IIT JEE 1992 Mathematics Question Paper with Answer and Solution

(C) Let $x - 1 = y$,so $x = y + 1$.
Then,$\frac{x^2}{(x - 1)^3(x - 2)} = \frac{(1 + y)^2}{y^3(y - 1)} = \frac{1 + 2y + y^2}{y^3(y - 1)} = -\frac{1 + 2y + y^2}{y^3(1 - y)}$.
Dividing $(1 + 2y + y^2)$ by $(y - 1)$ gives $(y^2 + 2y + 1) = (y - 1)(y + 3) + 4$.
Thus,$\frac{y^2 + 2y + 1}{y^3(y - 1)} = \frac{(y - 1)(y + 3) + 4}{y^3(y - 1)} = \frac{y + 3}{y^3} + \frac{4}{y^3(y - 1)}$.
Using partial fractions for $\frac{4}{y^3(y - 1)} = \frac{A}{y} + \frac{B}{y^2} + \frac{C}{y^3} + \frac{D}{y - 1}$,we find $D = 4$,$C = -4$,$B = -4$,$A = -4$.
Substituting back,the expression becomes $\frac{-1}{(x - 1)^3} + \frac{-3}{(x - 1)^2} + \frac{-4}{(x - 1)} + \frac{4}{(x - 2)}$.

(D) We have $H.M. = \frac{2ab}{a + b}$ and $G.M. = \sqrt{ab}$.
Given $\frac{H.M.}{G.M.} = \frac{4}{5}$.
$\Rightarrow \frac{2ab/(a + b)}{\sqrt{ab}} = \frac{4}{5}$ $\Rightarrow \frac{2\sqrt{ab}}{a + b} = \frac{4}{5}$.
$\Rightarrow \frac{a + b}{2\sqrt{ab}} = \frac{5}{4}$.
Applying componendo and dividendo:
$\frac{a + b + 2\sqrt{ab}}{a + b - 2\sqrt{ab}} = \frac{5 + 4}{5 - 4}$ $\Rightarrow \frac{(\sqrt{a} + \sqrt{b})^2}{(\sqrt{a} - \sqrt{b})^2} = \frac{9}{1}$.
Taking square root on both sides:
$\frac{\sqrt{a} + \sqrt{b}}{\sqrt{a} - \sqrt{b}} = \frac{3}{1}$.
Applying componendo and dividendo again:
$\frac{(\sqrt{a} + \sqrt{b}) + (\sqrt{a} - \sqrt{b})}{(\sqrt{a} + \sqrt{b}) - (\sqrt{a} - \sqrt{b})} = \frac{3 + 1}{3 - 1}$ $\Rightarrow \frac{2\sqrt{a}}{2\sqrt{b}} = \frac{4}{2} = 2$.
Squaring both sides:
$\frac{a}{b} = 2^2 = 4$.
Thus,$a:b = 4:1$ or $b:a = 1:4$.

(C) Given that $\alpha$ and $\beta$ are the roots of $(x - a)(x - b) - c = 0$.
Expanding this,we get $x^2 - (a + b)x + ab - c = 0$.
Comparing this with the standard quadratic equation $x^2 - (\alpha + \beta)x + \alpha\beta = 0$,we have:
$\alpha + \beta = a + b$ and $\alpha\beta = ab - c$.
Now,consider the equation $(x - \alpha)(x - \beta) + c = 0$.
Expanding this,we get $x^2 - (\alpha + \beta)x + \alpha\beta + c = 0$.
Substituting the values of $(\alpha + \beta)$ and $\alpha\beta$ into this equation:
$x^2 - (a + b)x + (ab - c) + c = 0$
$x^2 - (a + b)x + ab = 0$
$(x - a)(x - b) = 0$.
Thus,the roots of the equation are $a$ and $b$.

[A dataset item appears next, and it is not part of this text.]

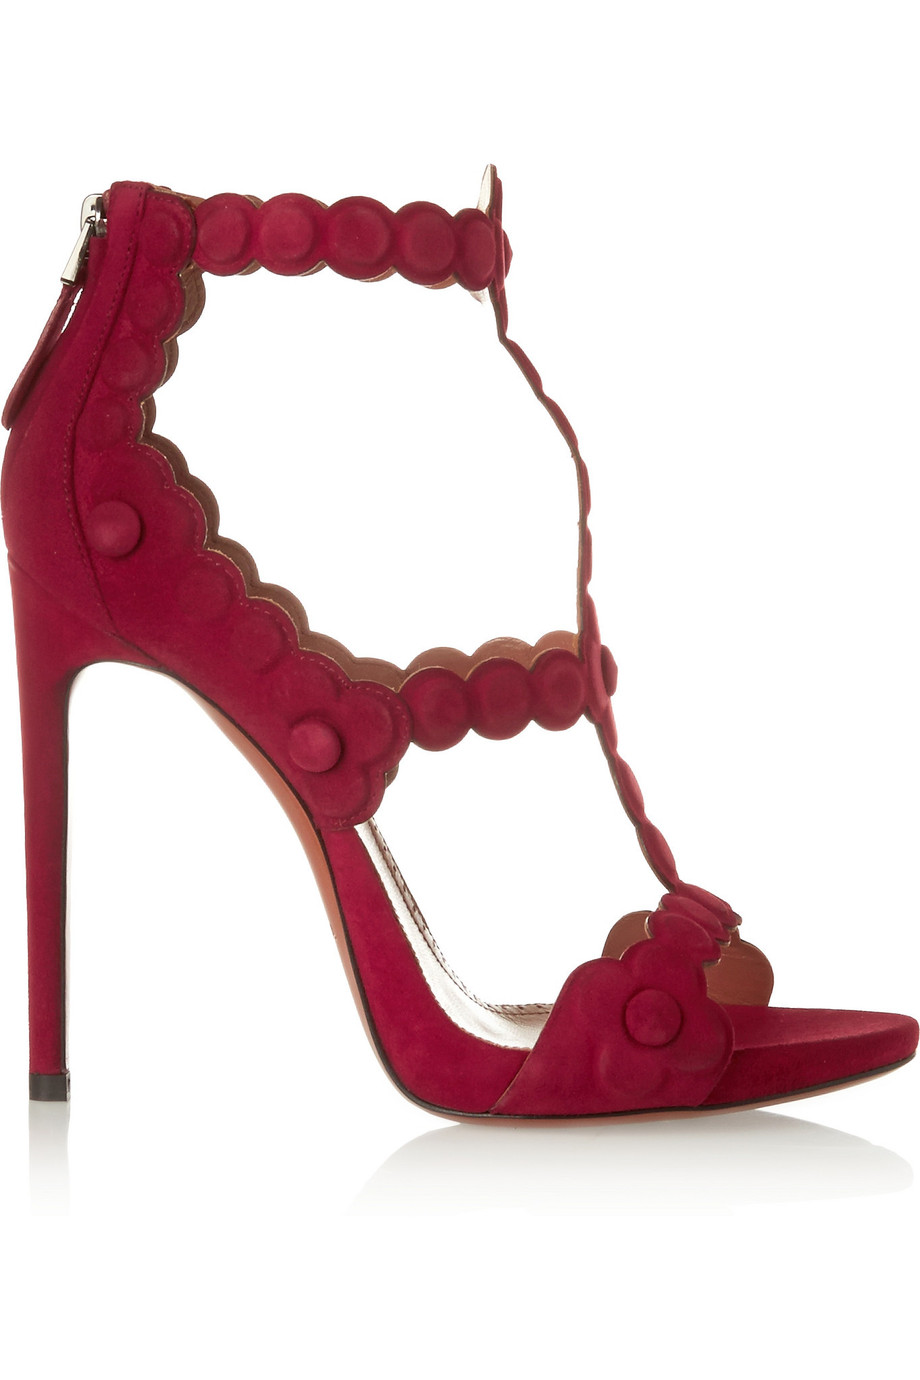 alaia-laser-cut-red-sandals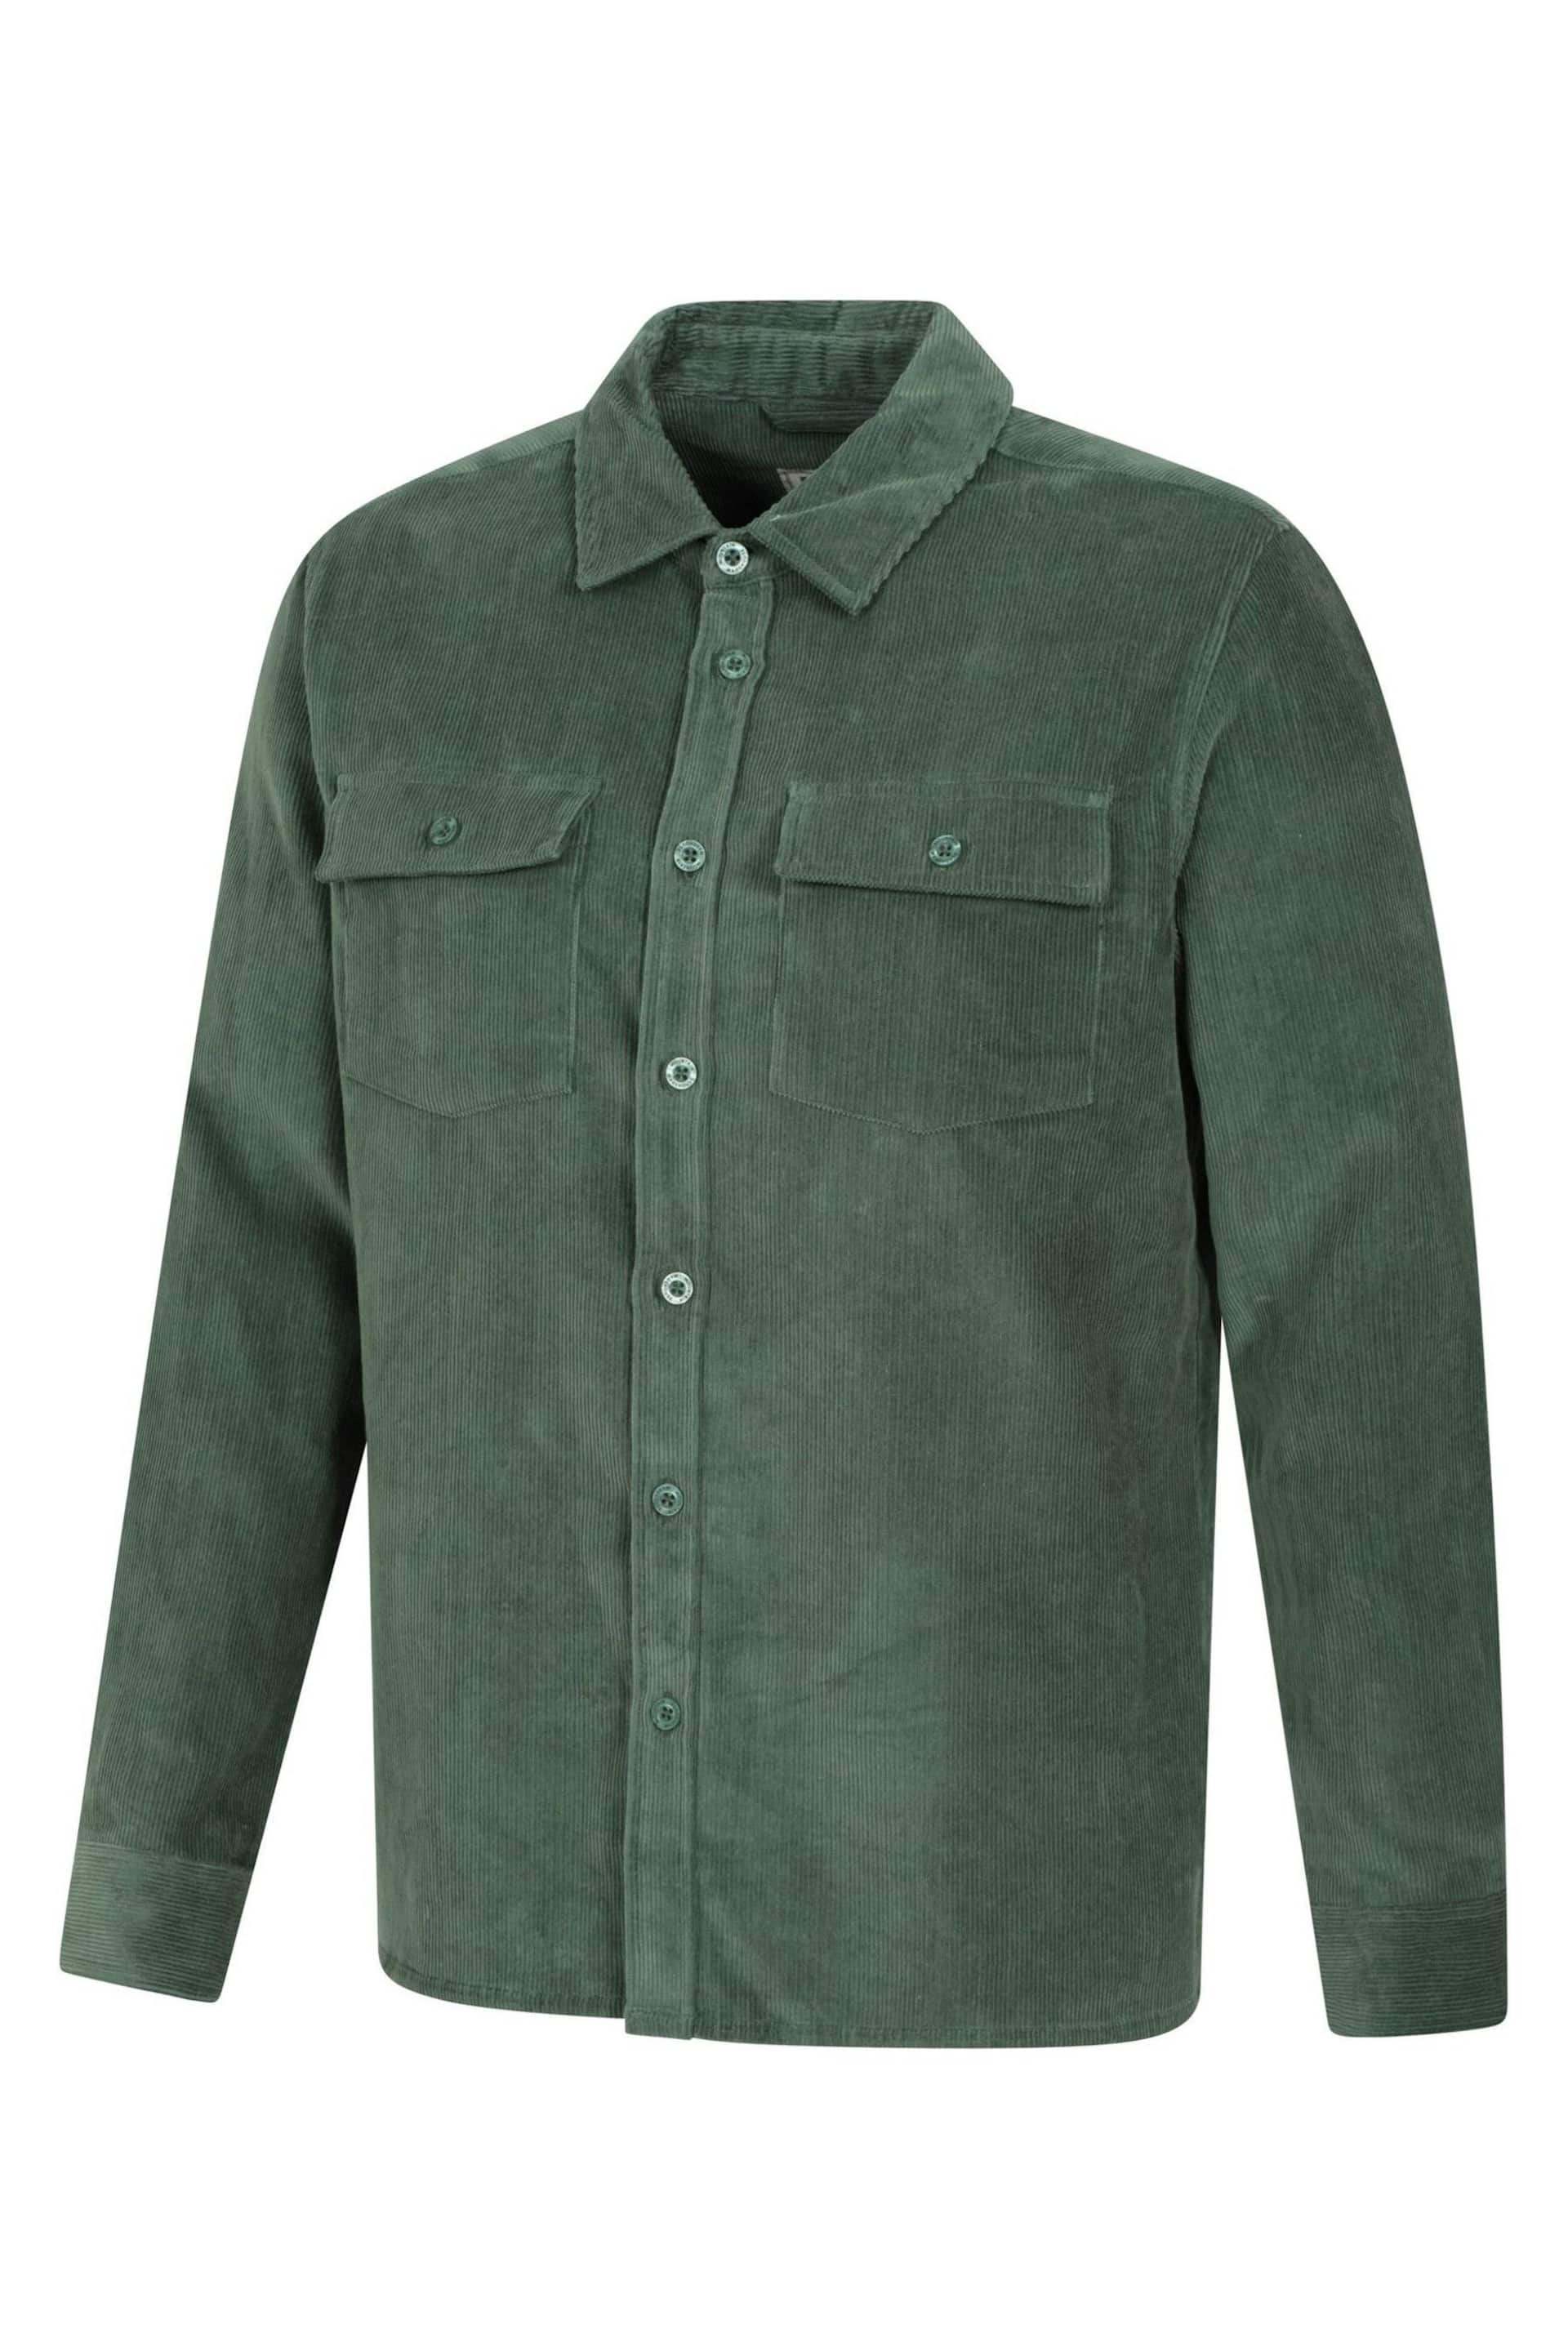 Mountain Warehouse Green Mens Farrow Cord Long Sleeve Shirt - Image 5 of 5

(C) This is a problem of derangements where $n = 4$ items are to be placed in $n$ boxes such that no item goes into its correct box.
The number of derangements $D_n$ is given by the formula:
$D_n = n! \left( 1 - \frac{1}{1!} + \frac{1}{2!} - \frac{1}{3!} + \dots + \frac{(-1)^n}{n!} \right)$
For $n = 4$:
$D_4 = 4! \left( \frac{1}{2!} - \frac{1}{3!} + \frac{1}{4!} \right)$
$D_4 = 24 \left( \frac{1}{2} - \frac{1}{6} + \frac{1}{24} \right)$
$D_4 = 12 - 4 + 1 = 9$.
Thus,there are $9$ ways.

(A) Let $f(x) = \sin \left( x + \frac{\pi}{6} \right) + \cos \left( x + \frac{\pi}{6} \right)$.
We can rewrite this as $f(x) = \sqrt{2} \left( \frac{1}{\sqrt{2}} \sin \left( x + \frac{\pi}{6} \right) + \frac{1}{\sqrt{2}} \cos \left( x + \frac{\pi}{6} \right) \right)$.
Using the identity $\sin(A+B) = \sin A \cos B + \cos A \sin B$,we get $f(x) = \sqrt{2} \sin \left( x + \frac{\pi}{6} + \frac{\pi}{4} \right) = \sqrt{2} \sin \left( x + \frac{5\pi}{12} \right)$.
The maximum value of $\sin \theta$ is $1$,which occurs when $\theta = \frac{\pi}{2}$.
Setting $x + \frac{5\pi}{12} = \frac{\pi}{2}$,we get $x = \frac{\pi}{2} - \frac{5\pi}{12} = \frac{6\pi - 5\pi}{12} = \frac{\pi}{12}$.
Since $\frac{\pi}{12}$ lies in the interval $\left( 0, \frac{\pi}{2} \right)$,the maximum value is attained at $x = \frac{\pi}{12}$.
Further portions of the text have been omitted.